• _Exercise instructions_: Output every line below exactly, please, omitting pictures.

• _Available data_:
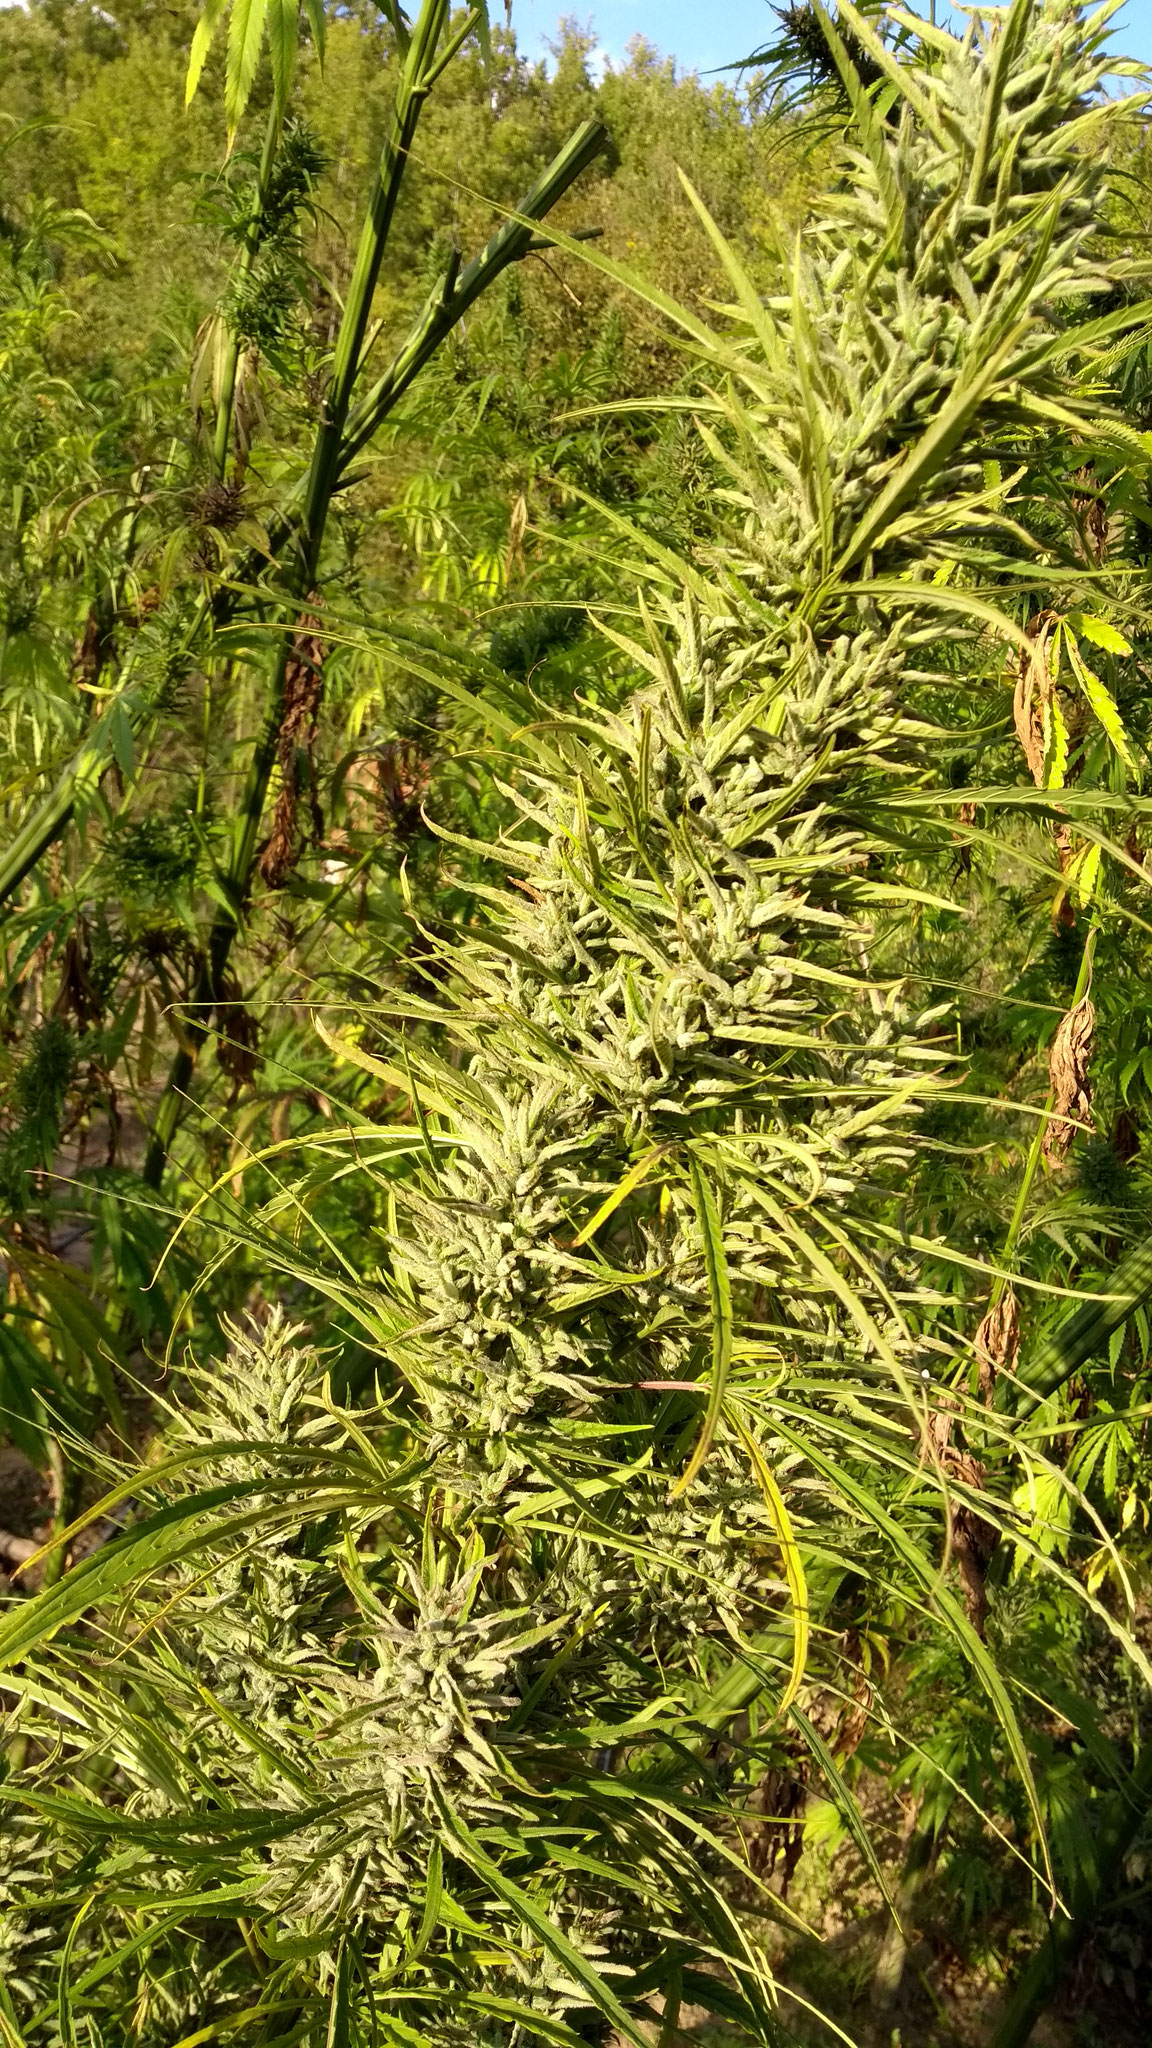 tiborszallasi hemp
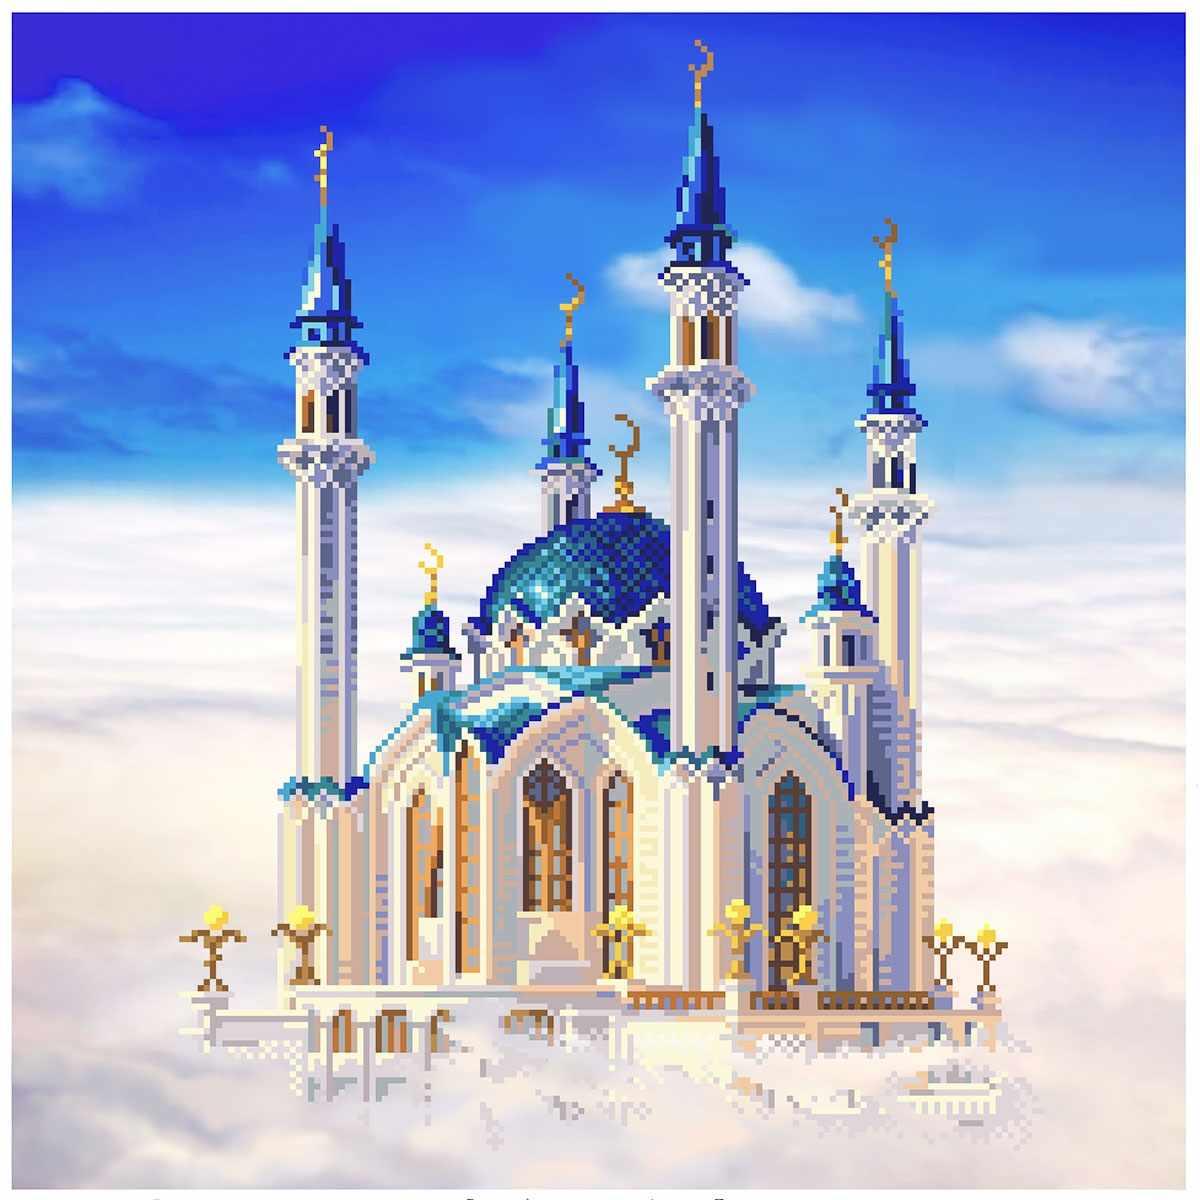 1798 Мечеть Кул-Шериф в Казани - рисунок на канве (МП)
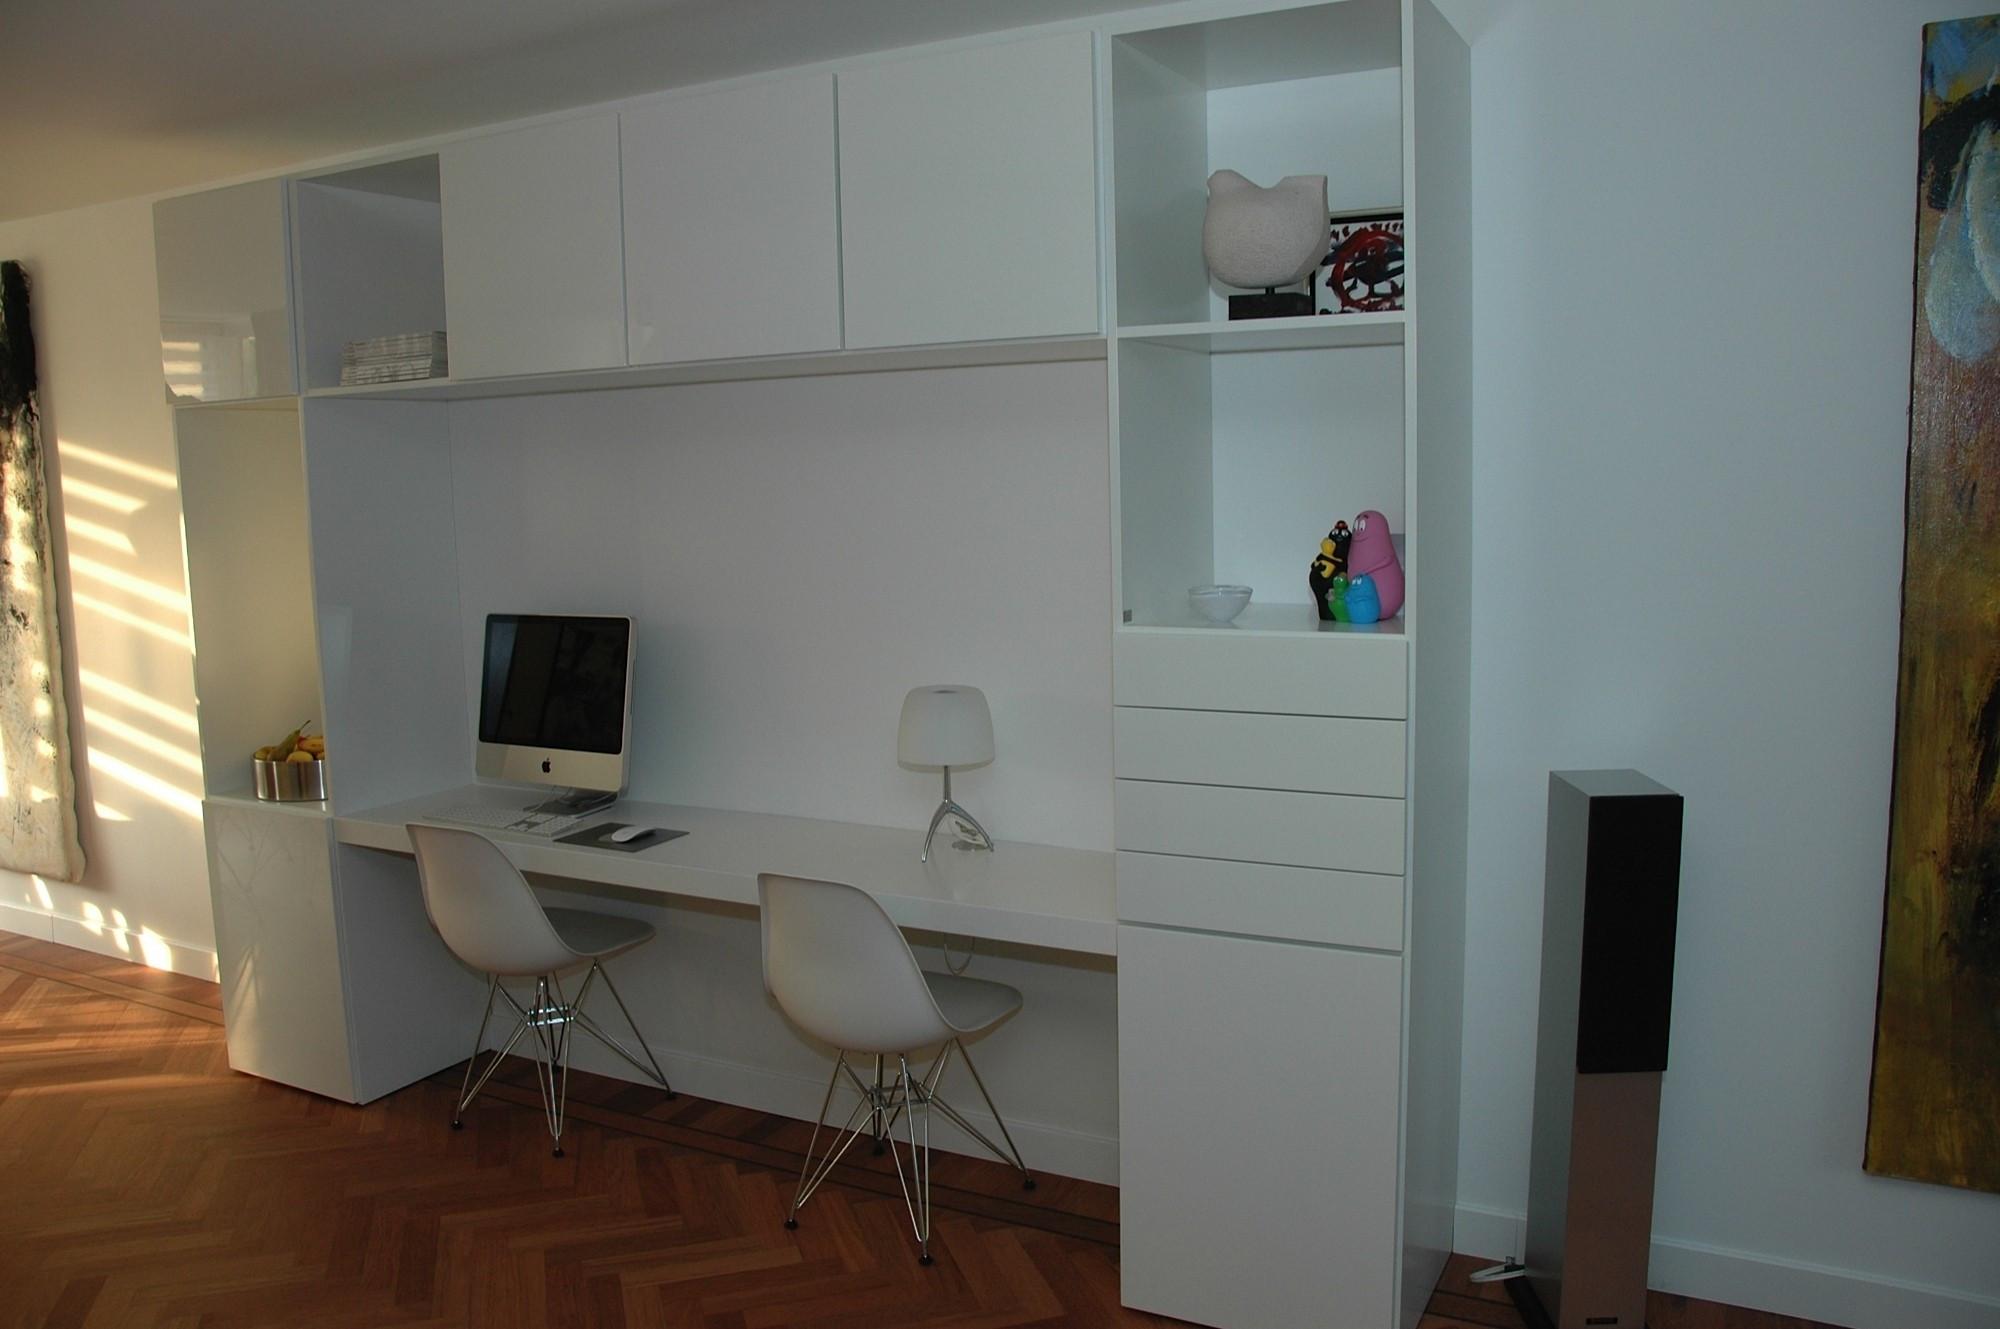 Bureau    wandkast combinatie   PUUR Interiors   PUUR Design  u0026 Interieur

• _Answer to the problem_:
 tiborszallasi hemp
 1798 Мечеть Кул-Шериф в Казани - рисунок на канве (МП)
 Bureau    wandkast combinatie   PUUR Interiors   PUUR Design  u0026 Interieur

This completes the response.